When the Sony hack fiasco erupted late last year, rival studios didn’t rally around Sony. And that was a mistake, Warner Bros. Entertainment CEO Kevin Tsujihara admitted at the Code/Media conference at The Ritz-Carlton, Laguna Niguel, Calif., on Wednesday.

“We could have and should have done more for Michael and for Sony,” Tsujihara said, referring to Sony Entertainment CEO Michael Lynton.

A number of factors kept Tsujihara and Warner Bros. from showing public support at the time, the executive said, including the speed at which the scandal erupted, the involvement of lawyers and the fear that a show of support could be twisted to being perceived as a self-serving act.

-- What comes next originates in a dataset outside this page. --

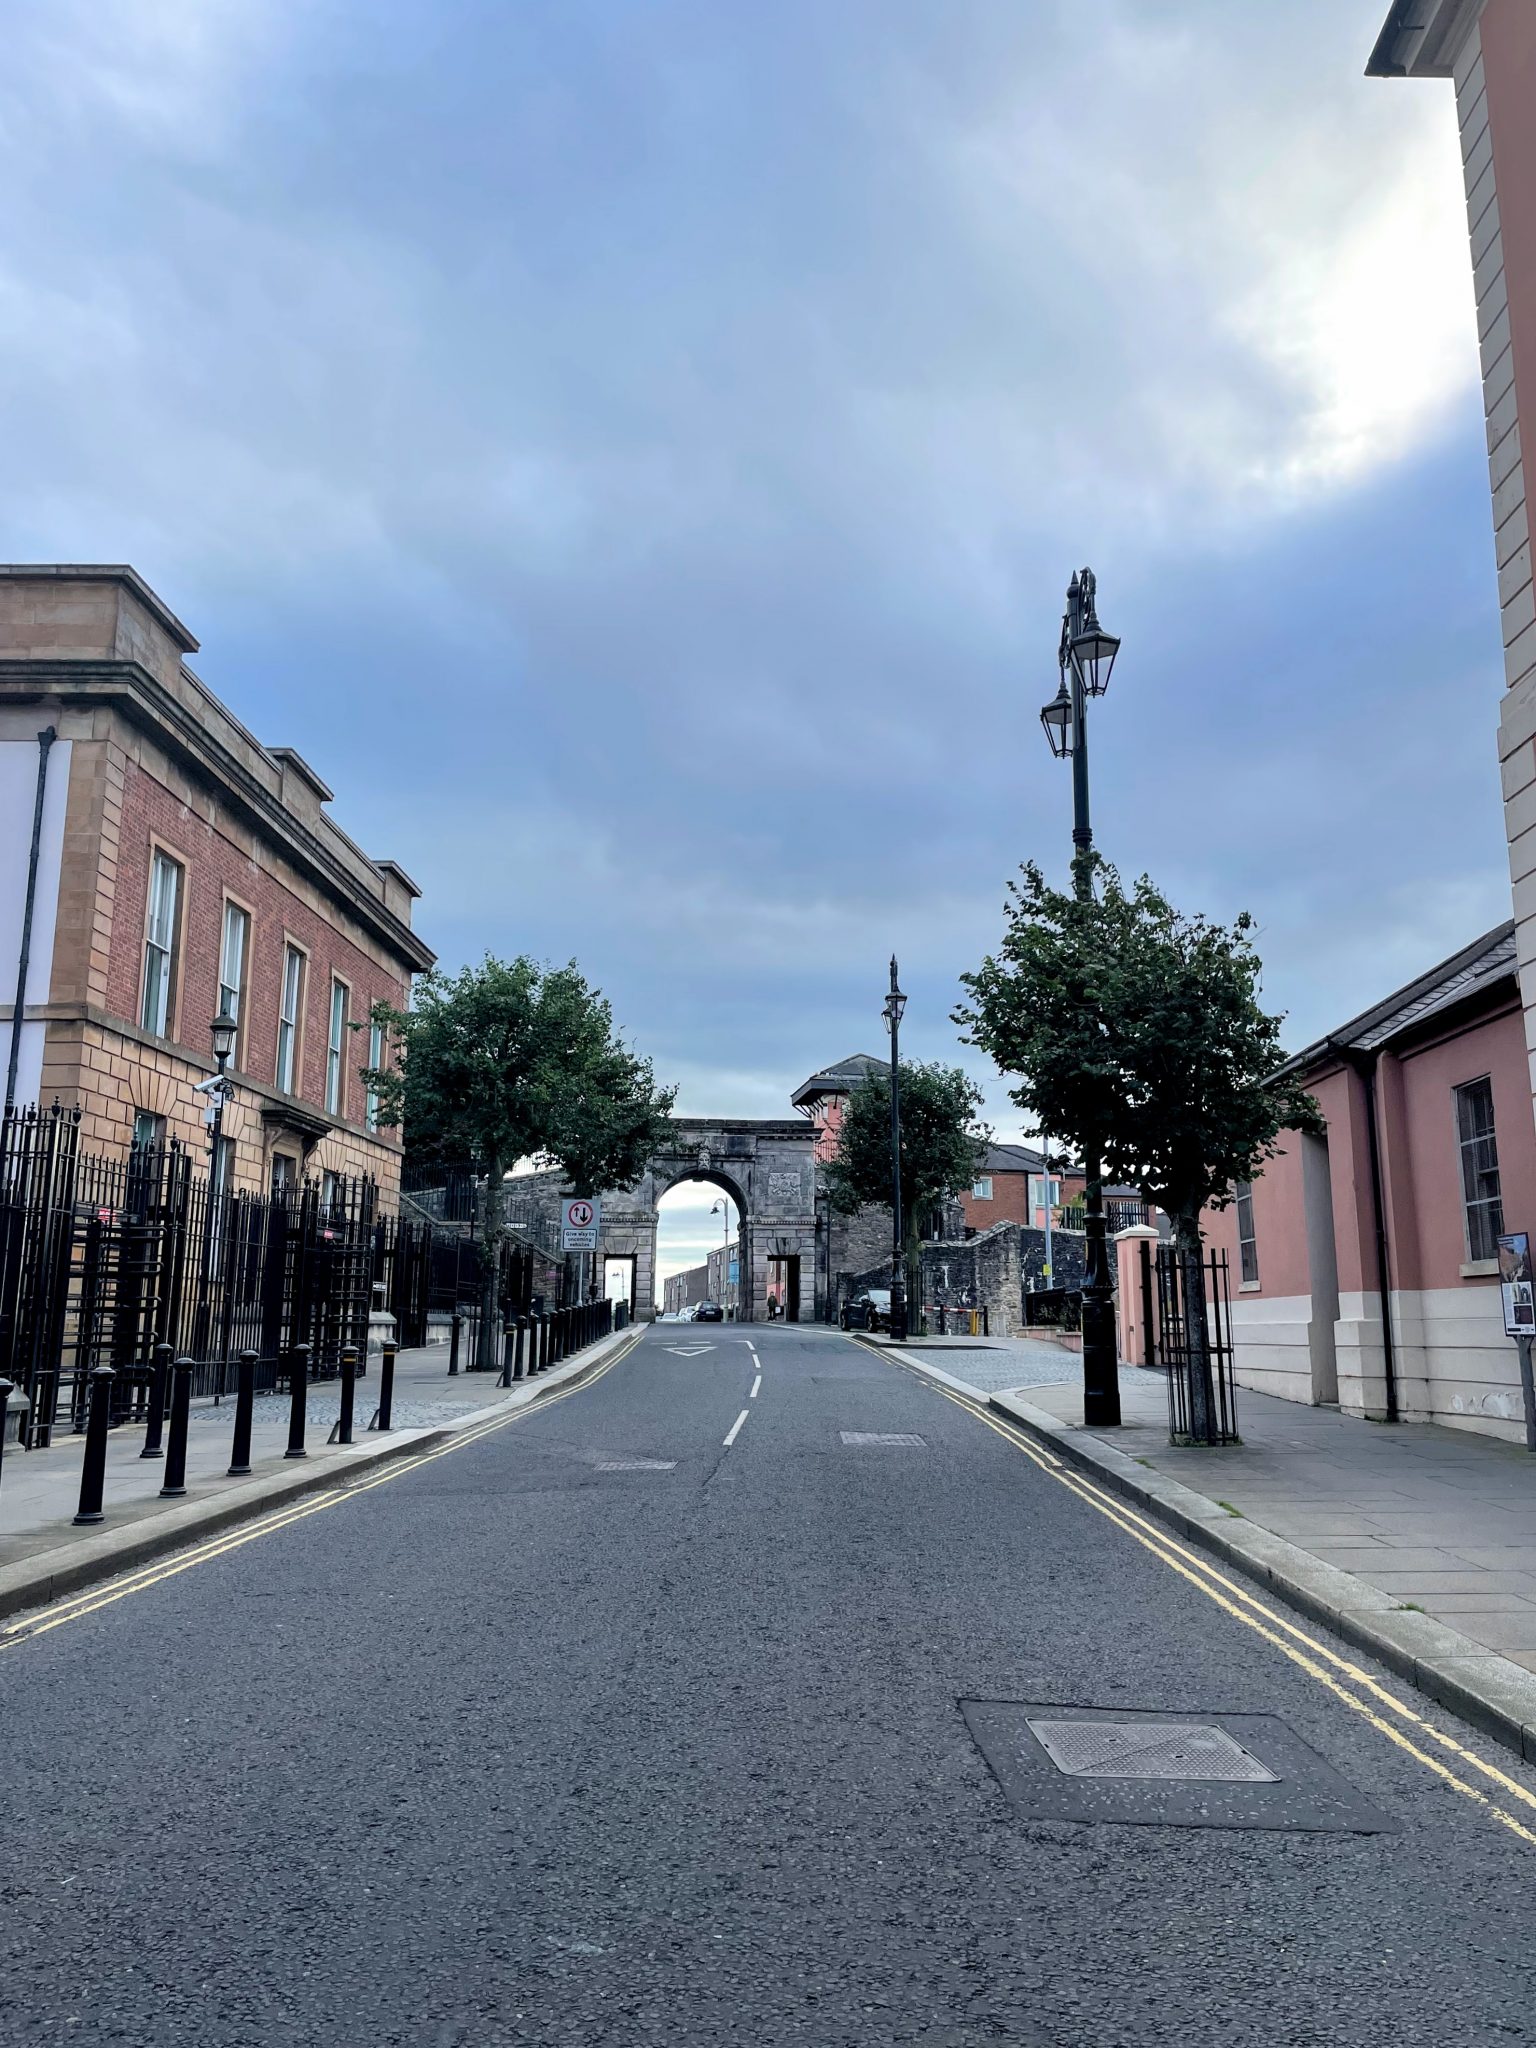 Bishop's Street, Derry

Even so, as my Re/code colleague Dawn Chmielewski previously reported, Sony’s big studio competitors actually did the opposite of supporting the studio, and instead tried to push “The Interview” out of theaters, fearing that patrons would stay home altogether after hackers threatened theatergoers’ safety.

The Seth Rogen comedy, a scathing satire of North Korean leader Kim Jong-un, was the reason that hackers acting on behalf of North Korea infiltrated Sony’s systems. Tsujihara denied that Sony’s competitors used the hack to its advantage when Peter Kafka asked him about it onstage.

Tsujihara did say that Warner Bros. is taking new internal precautions in the wake of the attack, but didn’t go into detail.